I changed from .NET 6.0 to .NET 7.0 and found that some of my performance-critical tasks take almost twice as long as with .NET 6.0 (no code changes were made!).

I was able to derive a simple example which shows at least one interesting effect:

using System;
using System.Collections.Generic;
using System.Diagnostics;

public readonly struct MyStruct {
  public int Parent { get; }
  public int Child { get; } 
  public MyStruct(int p, int c) {
    Parent = p;
    Child = c;
  }
}

static class MyProgram {
  
  static int Main(string[] args) {
    Stopwatch stopwatch = new Stopwatch();
    List<MyStruct> list = new() { new(1, 1)};
    stopwatch.Start();
    for (int j = 0; j < 500_000; ++j) {
      for (int i = 0; i < 1000; ++i) {
        int p = list[0].Parent;
        int c = list[0].Child;
      }
    }
    Console.WriteLine(stopwatch.ElapsedMilliseconds);
    return 0;
  }

}

With .NET 6.0 this takes about 240ms, and with .NET 7.0 450ms (so about 41% longer).

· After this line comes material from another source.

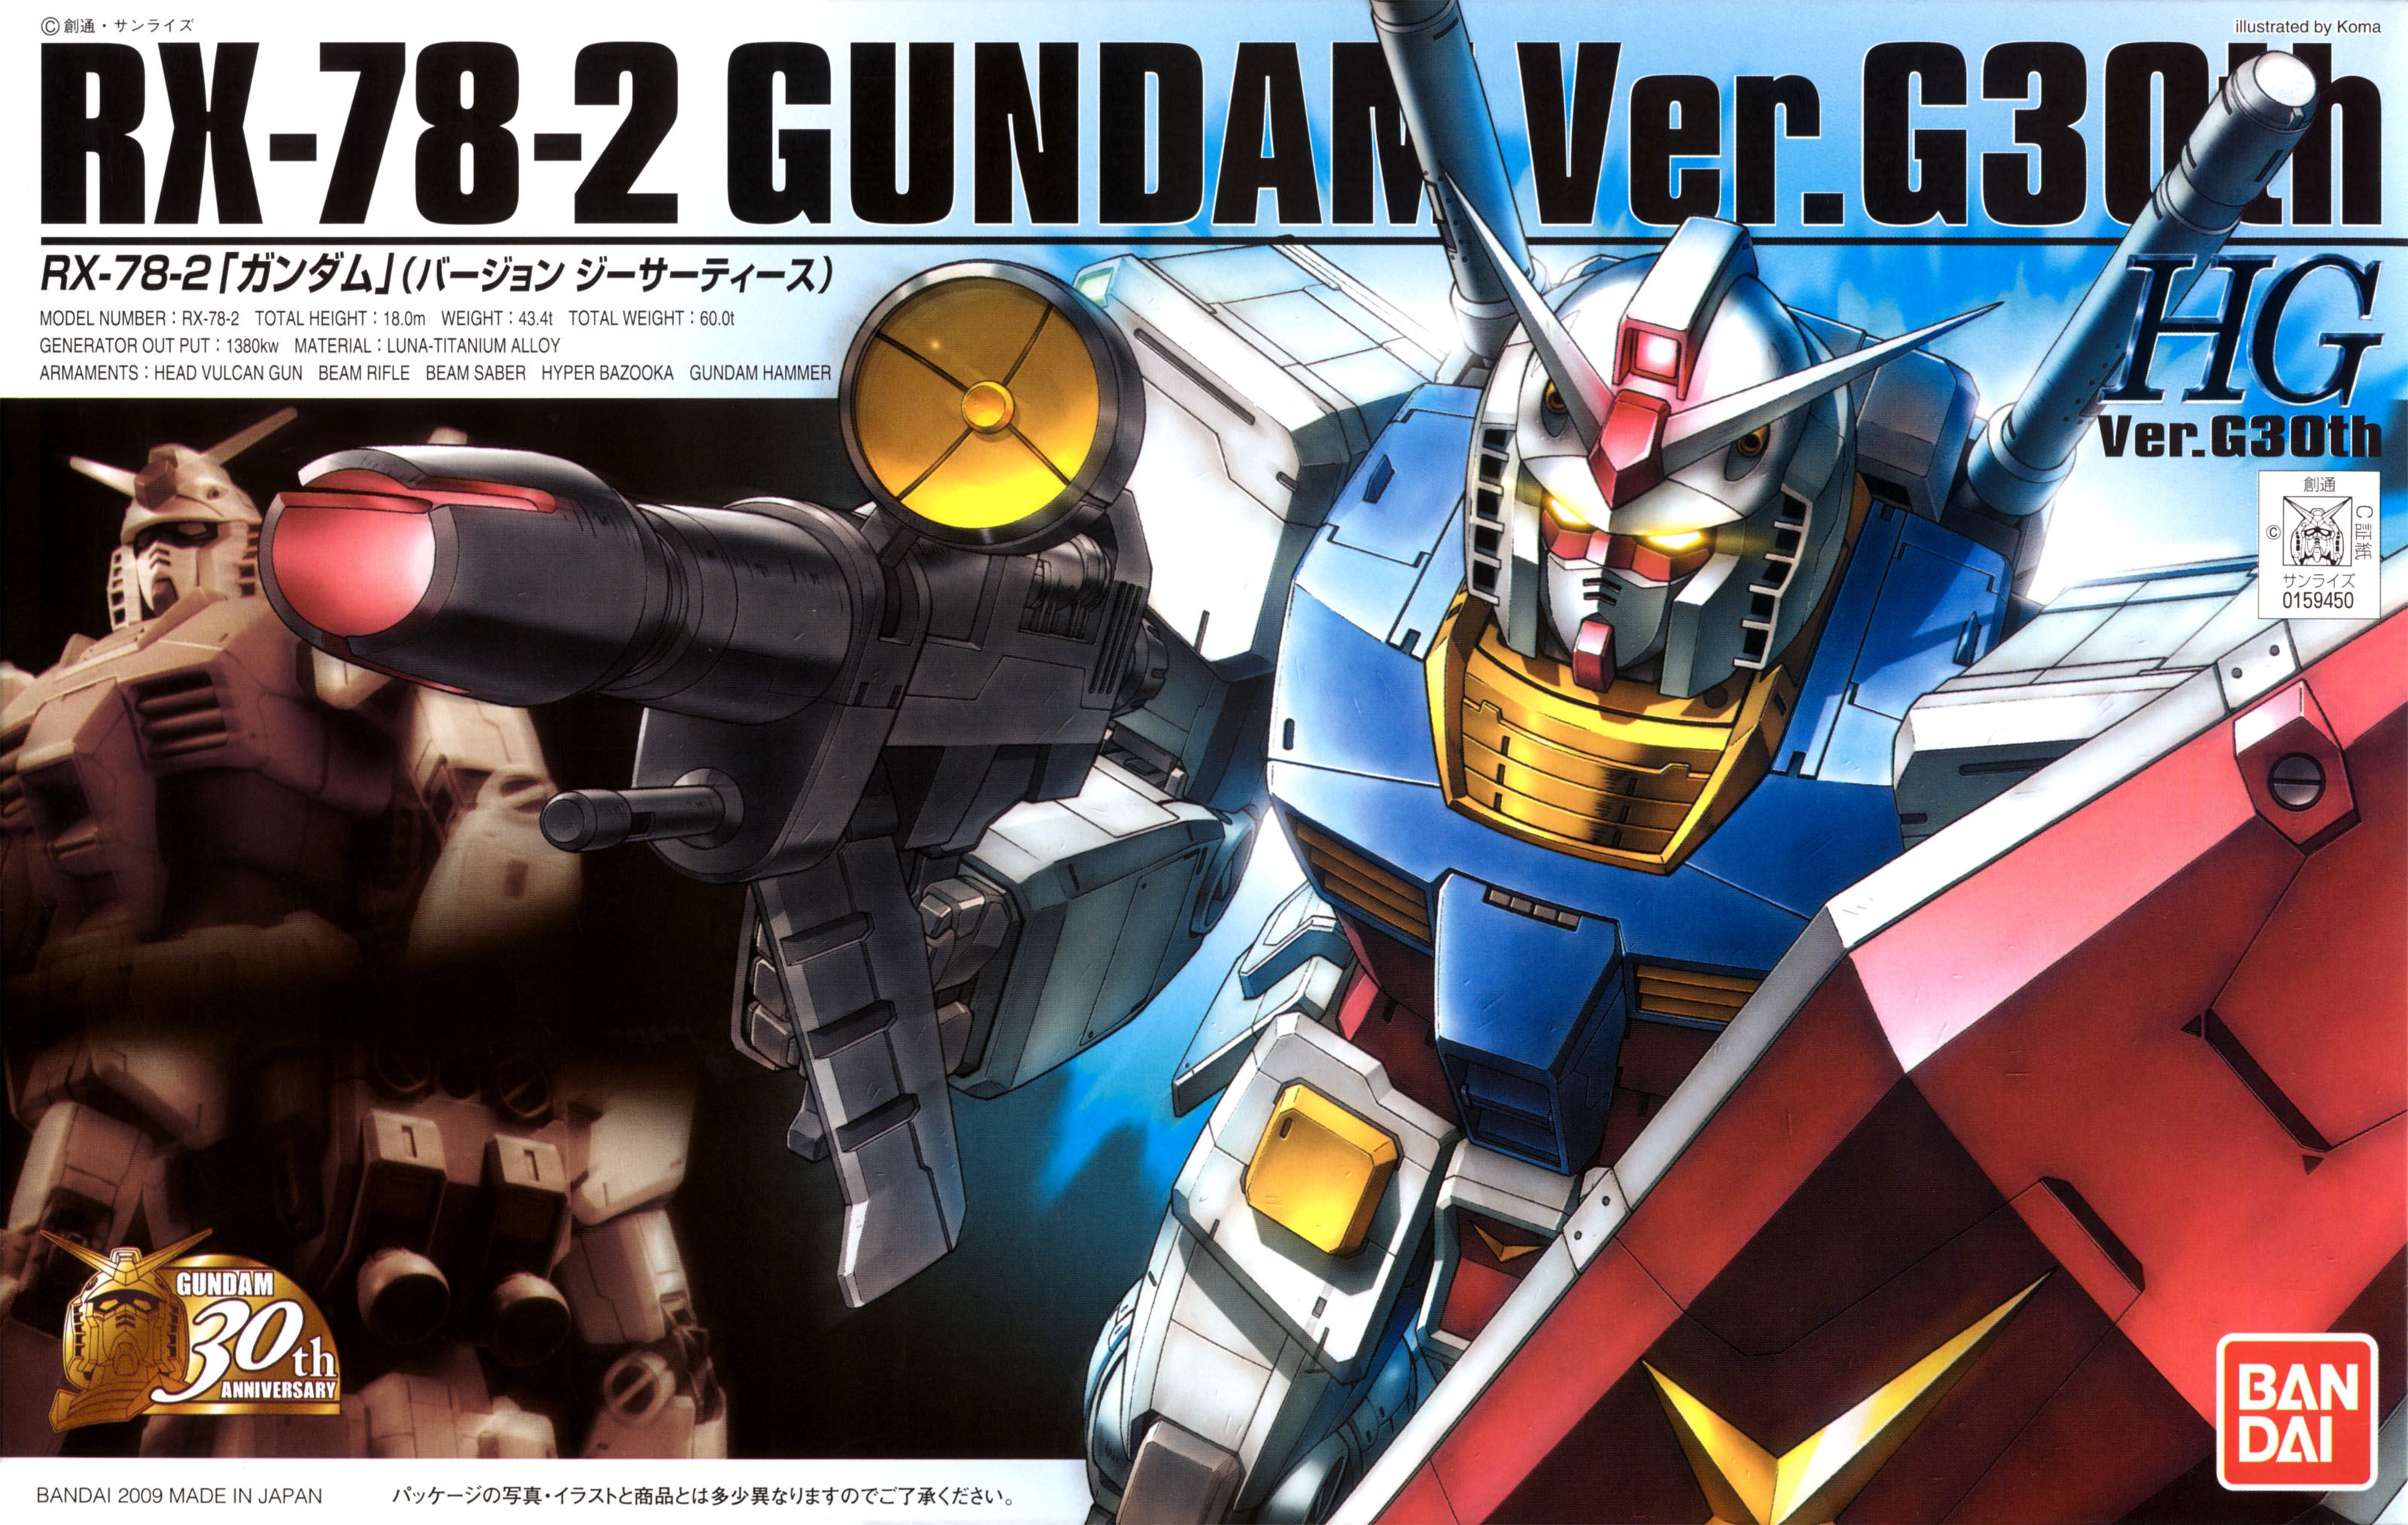 High Grade Ver G30th The Gundam Wiki Fandom

As far as I can tell the MSIL code is equivalent, so it seems the JIT compiler does something severely different in .NET 7.0?

Can anyone confirm this or does anybody else experience performance degradation when switching to .NET 7.0 (for .NET 8.0 it's the same by the way)?

This behavior is very fragile: Make a class of the struct, add another property, combine the nested loops into one, etc. and performance is almost the same for both versions.

Instrumentation shows (for .NET 7.0): enter image description here

and for .NET 6.0: enter image description here

So it shows that .NET 6.0 does some optimizations (inlining?) which are not done any more in .NET 7.0.


Solution

  • There's something wrong with your test. Just resorting to the Stopwatch class and running in Debug mode won't get you a meaningful result. There's a lot more that goes into it, such as warming up the JITer. Using a proper benchmarking tool like BenchmarkDotNet reveals that .NET 7 is actually a bit faster at this, and more memory effficient.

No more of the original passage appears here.